We started uphill and made it a couple of miles before a car passed and we asked if there was anyone hurt on a bicycle that they had passed. They informed us it looked like they were working on repairing a flat. This was great news as we thought obviously thought the worst and that someone had gotten hurt. We then sat down to rest and have a snack. About an hour later our group was reunited and we finished our ride into the campground in the dark. But as I said before, the fireflies were a highlight so I think we won that toss-up. Setting up camp and heating water for dinner in the dark is certainly harder than in daylight, but we managed and fell fast asleep. Without a headlamp, this trip wouldn’t be possible, so make sure you have not only one, but also a backup, or at least batteries. Each campground had potable water, so we just needed capacity to last the entire day on the bike. We carried at least 3L of water daily, all of us had a bladder with water which is easier to drink while biking. We did however have a method for water detoxification in the event of an emergency. Day 2 we rode ups and downs to Linville Falls Campground which was a distance of about 24 miles, and onward to Day 3 with 19 miles to Julian Price Memorial Park near Grandfather Mountain. At most of the campgrounds we had reservations (where they could be reserved) as this is another important pearl to remember when planning an adventure like this. We completed our trip the following day, and it turned out perfectly as this was the only day we saw rain. Luckily, we were off the bikes by the time the rain came down. Our weather for most of the trip was what I’d call perfect, with highs in the upper 70s F and lows in the 50s F.
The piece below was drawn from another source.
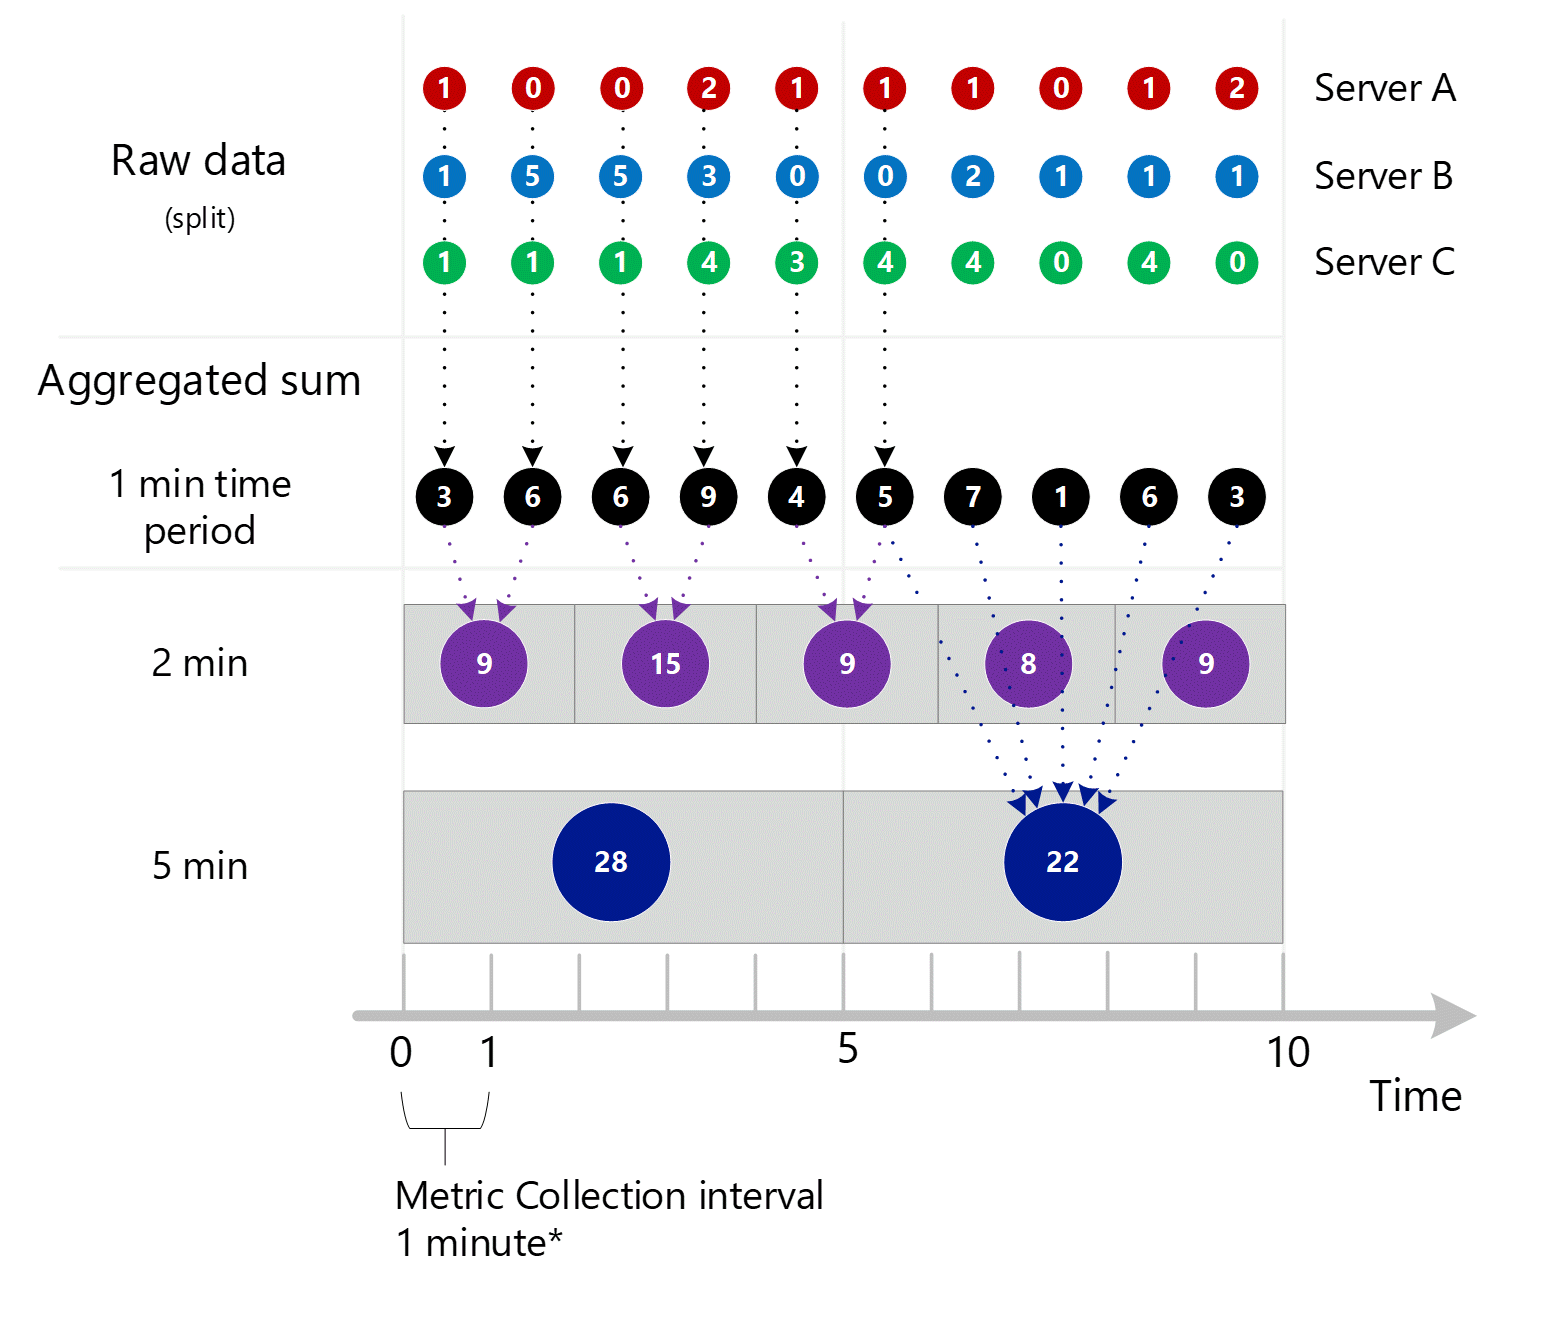 前の 3 つのスクリーンショットを統合して示すスクリーンショット。1 分、2 分および 5 分の間隔に集計される、サーバーのディメンション全体で 1 分単位で集計された複数のエントリ。サーバー A、B、および C が個別に示されています

We really enjoyed the bikepacking adventure and plan to have another go at it in the spring. For anyone who is really experienced with bikepacking, I’d love any tips you have! And if you are in the novice boat and have never had a go at bikepacking, I recommend going outside of your comfort zone and giving it a try, you won’t be disappointed. Thankfully we had no medical emergencies but I’d like to chock that up to being prepared and warding off evil spirits! A few checklist items below for Bikepacking 101.
- Know your location, know your weather.
- Don’t rely on technology, have a paper map at hand.
- Have a gear list, check it not twice, but three times.
- Use a bike you know, or make sure you get fitted for one and it is in fact, comfortable.
- Have an evacuation plan for medical emergencies, know the area and the EMS services, rescue services available and the closest center of definitive care.
- Be prepared for a flat tire, or two, have a sufficient tool kit for mechanical mishaps.
- Make sure everyone has a personal medical kit.
- Don’t forget foot care, and personal medications.
- Have a nutrition and hydration plan.
- Know your group, know any medical problems and allergies. Be prepared.
- Bring your headlamp - no wait, bring two!
- Be prepared for rain and any inclement weather; bring rain gear
- Each bike also needs a white headlamp and a red reflector/taillight which is important for safety at night and also for tunnels on the Parkway (know local rules).
- Have a blast and don’t take photos while riding the bike! (Look ma, no hands!)